Nobel da Paz de 2021 vai para jornalistas perseguidos na Rússia e nas Filipinas
Maria Ressa combate o populista Rodrigo Duterte nas Filipinas, enquanto Dmitry Muratov, editor-chefe de um jornal fundado com apoio de Gorbatchov, hoje é alvo da repressão de Putin.
A liberdade de expressão de qualquer indivíduo é assegurada desde 1948 pela Declaração Universal dos Direitos Humanos. Mesmo assim, às vezes são necessários alguns esforços extraordinários para mantê-la.
O Prêmio Nobel da Paz de 2021, anunciado na manhã desta sexta-feira (8), foi para dois jornalistas que trabalham pela causa e, consequentemente, desempenham papeis importantes na manutenção da democracia. São eles Maria Ressa e Dmitry Andreyevich Muratov.
Maria Ressa é cofundadora da Rappler, uma empresa de mídia digital sediada nas Filipinas. O veículo tem como foco o jornalismo investigativo no país. Ela expõe o autoritarismo crescente do governo do arquipélago, alvo de muitas denúncias de abuso de poder e violência desde a chegada do populista de extrema direita Rodrigo Duterte ao poder.
A Rappler também têm documentado a disseminação de notícias falsas nas redes sociais, que são utilizadas para assediar oponentes políticos e manipular o debate público. A desinformação online evidentemente é um problema global, e foi um aspecto importante nas vitórias eleitorais de outros populistas, como Trump nos EUA e Bolsonaro no Brasil.
Dmitry Muratov, por sua vez, é um dos fundadores e editor-chefe do jornal russo Novaya Gazeta. A publicação tem uma atitude crítica em relação a Putin e aborda temas que raramente são mencionados por outros meios de comunicação do país, em sua maioria censurados abertamente pelo ex-KGB. Corrupção, violência policial, prisões ilegais e fraude eleitoral são alguns dos tópicos explorados.
Seis jornalistas do Novaya Gazeta foram mortos desde a sua fundação, incluindo Anna Politkovskaja, que escreveu artigos reveladores sobre a guerra na Chechênia. Todos os assassinatos ocorreram após a chegada de Vladimir Putin ao poder.
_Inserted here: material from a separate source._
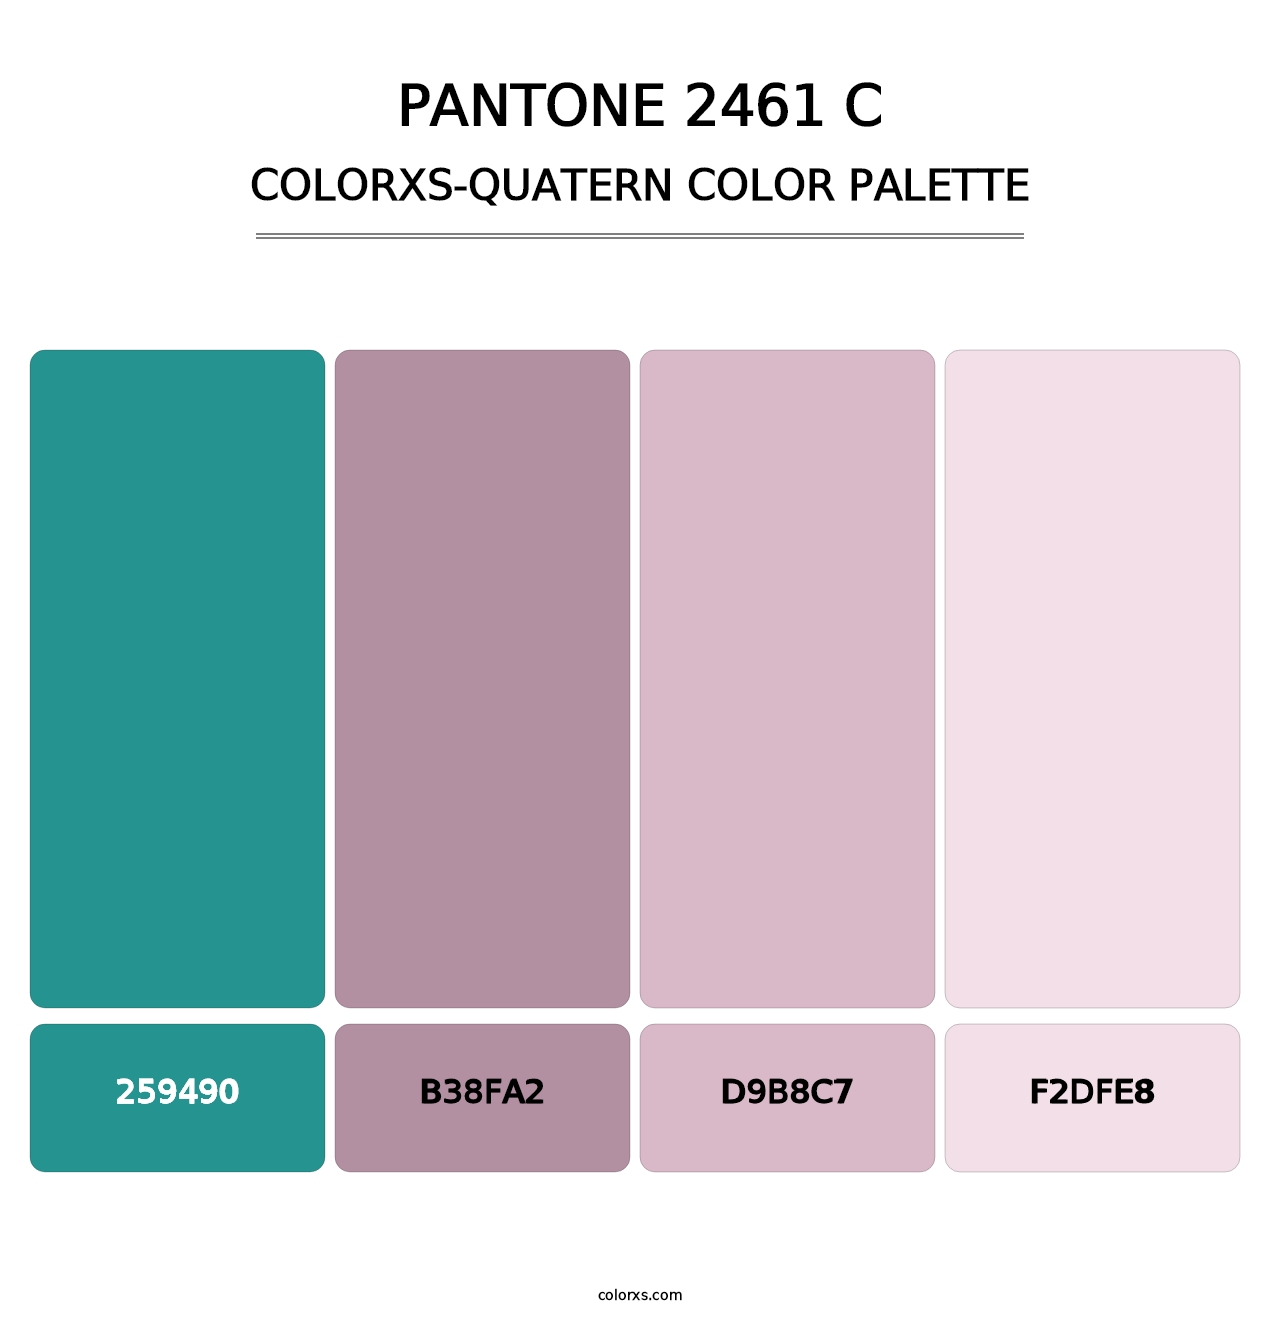 PANTONE 2461 C - Colorxs Quatern Palette
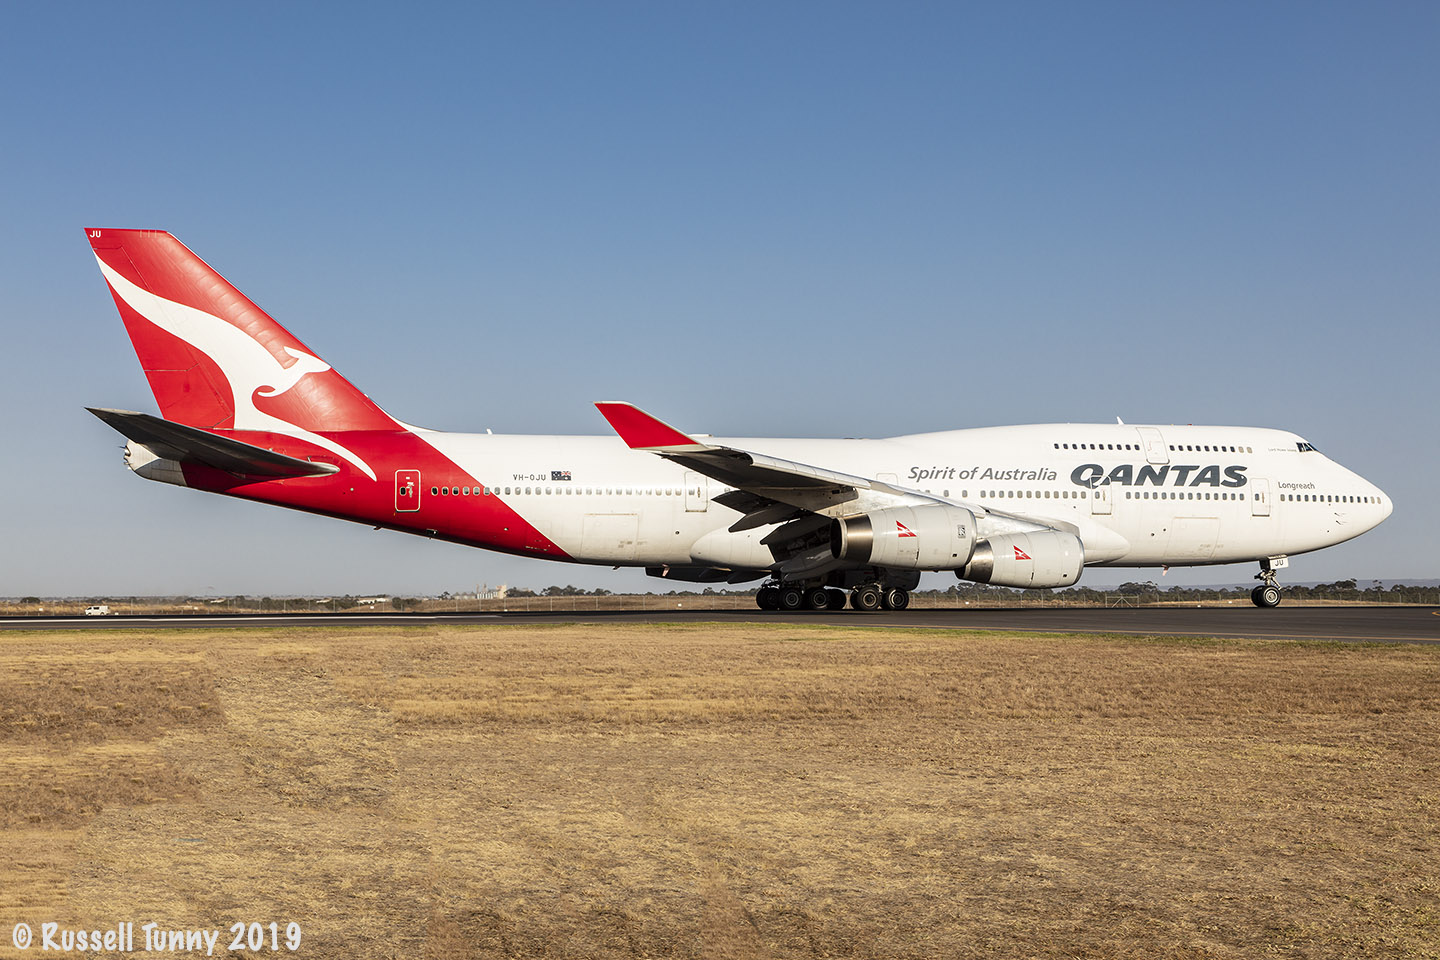 Boeing 747 VH-OJU Last Flight

O Novaya Gazeta foi fundado em 1993 por um grupo de ex-jornalistas do Komsomolskaya Pravda, um tabloide russo. Quem investiu no negócio foi Mikhail Gorbatchov, o último líder da União Soviética, que doou os primeiros computadores do jornal. Hoje, estas máquinas que escreveram a história estão expostas em gabinetes de vidro na entrada do prédio.
Ironicamente, o dinheiro utilizado por Gorbatchov para fazer a doação veio do Prêmio Nobel da Paz que ele recebeu em 1990 – entre outras razões, por ter se preocupado em tornar a Rússia um país mais livre e democrático.
Gorbatchovcara cresceu sob o regime de Stalin e viveu a ocupação alemã durante a 2ª Guerra Mundial. Ele estudou direito e seguiu carreira no Partido Comunista, assumindo o cargo mais alto da União Soviética em 1985. Mas Gorbatchov havia viajado bastante pelo Ocidente e já enxergava o sistema soviético como ineficiente, o que o levou a propor reformas que abririam o país.
Ele ordenou a retirada soviética da Guerra do Afeganistão e participou de reuniões com o então presidente dos EUA, Ronald Reagan, para limitar o uso de armas nucleares e acabar de vez com a disputa entre as potências. O Comitê do Nobel considerou Gorbatchov como uma peça relevante para o fim pacífico da Guerra Fria, o que foi decisivo para a sua premiação.
O político também implementou a glasnost (transparência), uma política que favorecia as liberdades de expressão e imprensa, o que ajuda a explicar seu interesse no jornal. Além disso, seu investimento não foi único: em 2006, Gorbachev, em parceria com o empresário e então deputado russo Alexander Lebedev, comprou 49% da Novaya Gazeta, que andava mal das pernas. Hoje, o ex-presidente detém 10% da publicação, mas nunca usou o veículo para benefício próprio ou participou de decisões editoriais.